Can Bad or Fair Credit Affect Your Chances of Getting a Job?
It is no secret that the employers’ goal is to find a responsible and reliable candidate. And since a good credit history is one of the indicators of trustworthiness, HR specialists of some companies can check potential employees’ credit reports. Sometimes, credit checks may also be conducted by your current employer in case they are giving you a promotion. But the question is whether you should worry if your score is less than perfect.
Only a Third of Employers Turn to Credit Checks
To begin with, of course, not all companies practice this. Credit checks are more common in such spheres as finance, government, and other public service jobs. And no wonder, since employers simply need to secure themselves if the job involves working with money or confidential information. Still, there are other certain companies or positions applying for which you may face similar inspections.
According to the employer credit check survey carried out by the Professional Background Screening Association together with HR.com, 25% of the HR professionals request candidates’ credit reports from the credit bureaus only when hiring for particular positions, and just 6% always check applicants’ creditworthiness regardless of the vacancy.
Employer Credit Checks Cannot Impact on Your Score
Unlike credit card issuers and lenders, employers can only check a limited version of your credit report showing your payment history, available credit, and debt. The credit checks count as “soft inquiries”. This means that, first, no one can see any of those except you, and, second, your credit score can never be hurt by this.
Employer Credit Checks Are Regulated by Law
To your calm, there is a special document to regulate the process of employment credit checks – the Fair Credit Reporting Act or FCRA. It states that employers must inform candidates in advance and get written permission on conducting the credit check. Moreover, applicants must be given a copy of the report used to make the decision.
Besides the federal law, some states and cities restrict employers’ abilities to run credit checks for employment purposes or ban this action at all. For example, they may not be able to do a check on one selected applicant while exempting other applicants for the same job from this.

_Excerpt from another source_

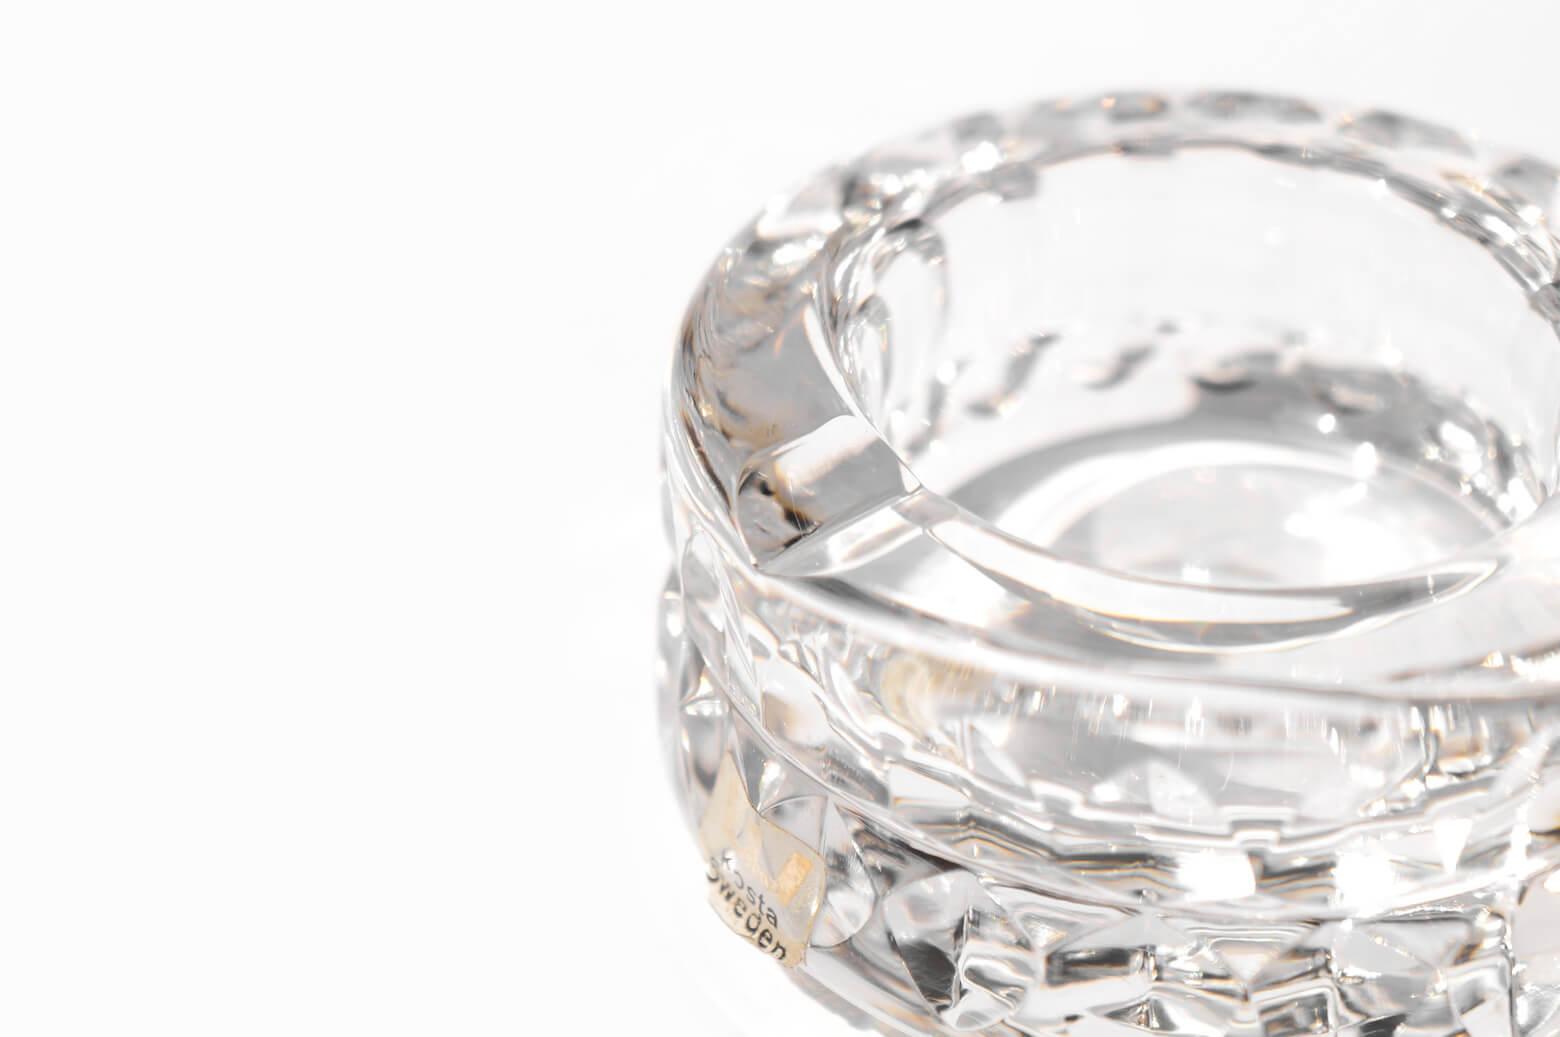 Kosta Sweden Ash Tray Goran Warff/コスタ スウェーデン アッシュトレイ ヨーラン・ヴァルフ クリスタルガラス 北欧雑貨 ヴィンテージ
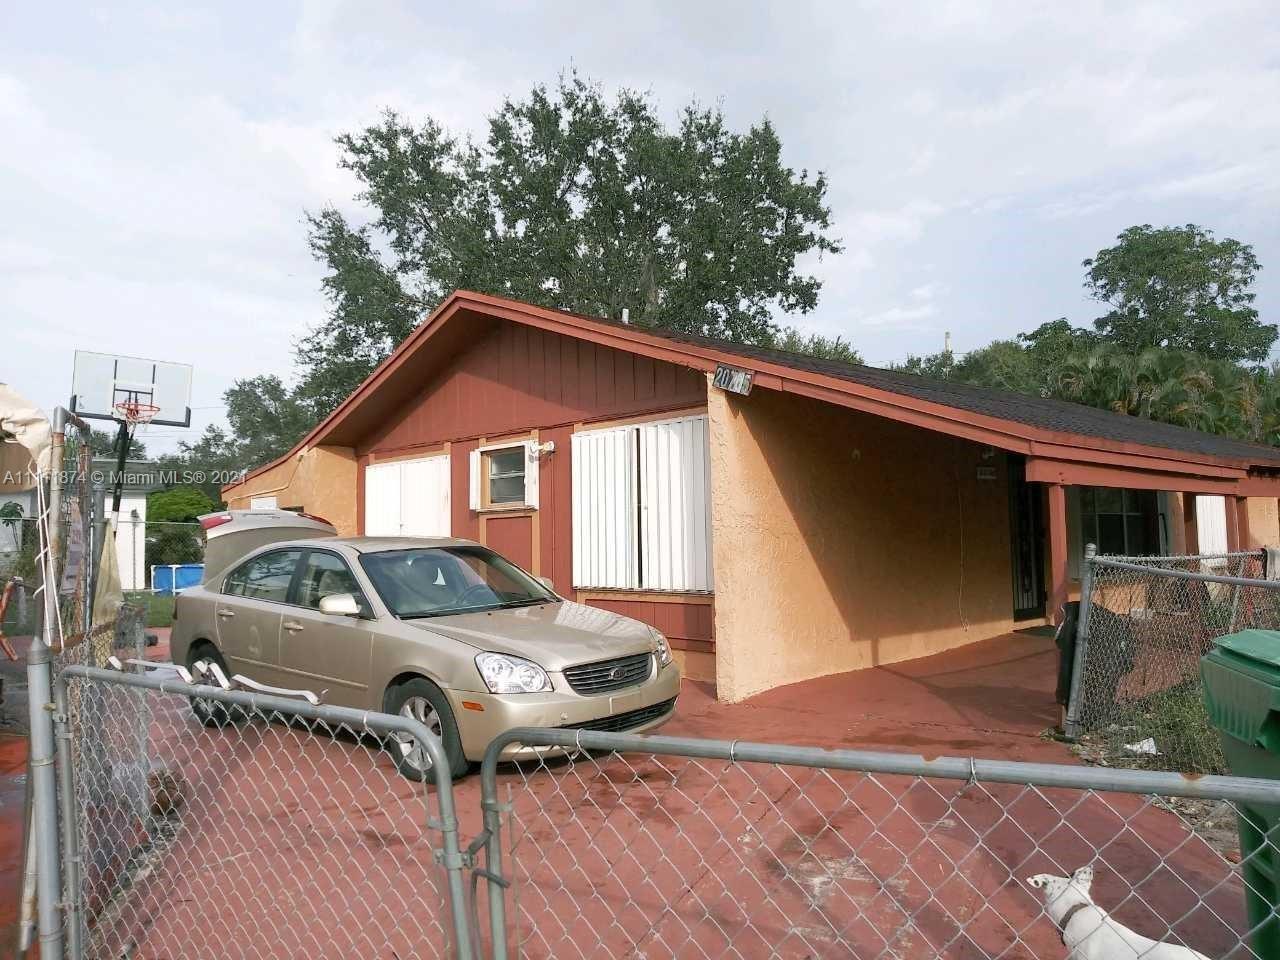 20765 NW 41st Avenue Rd, Miami Gardens, FL 33055 - #: A11111874

Employers Will Give You a Chance to Explain
Yes, it is quite possible that your credit history may be taken into consideration when applying for a job. Thus, you’d better try your best to keep your credit accounts in good standing. Anyway, in most cases, your bad or fair credit is not a crucial point. And sometimes even bankruptcy cannot prevent you from getting the desired position if you are truly a professional and were at your best during the interview. Also, note that, according to FCRA, employers should give you an opportunity to review the report and explain or dispute any negative information.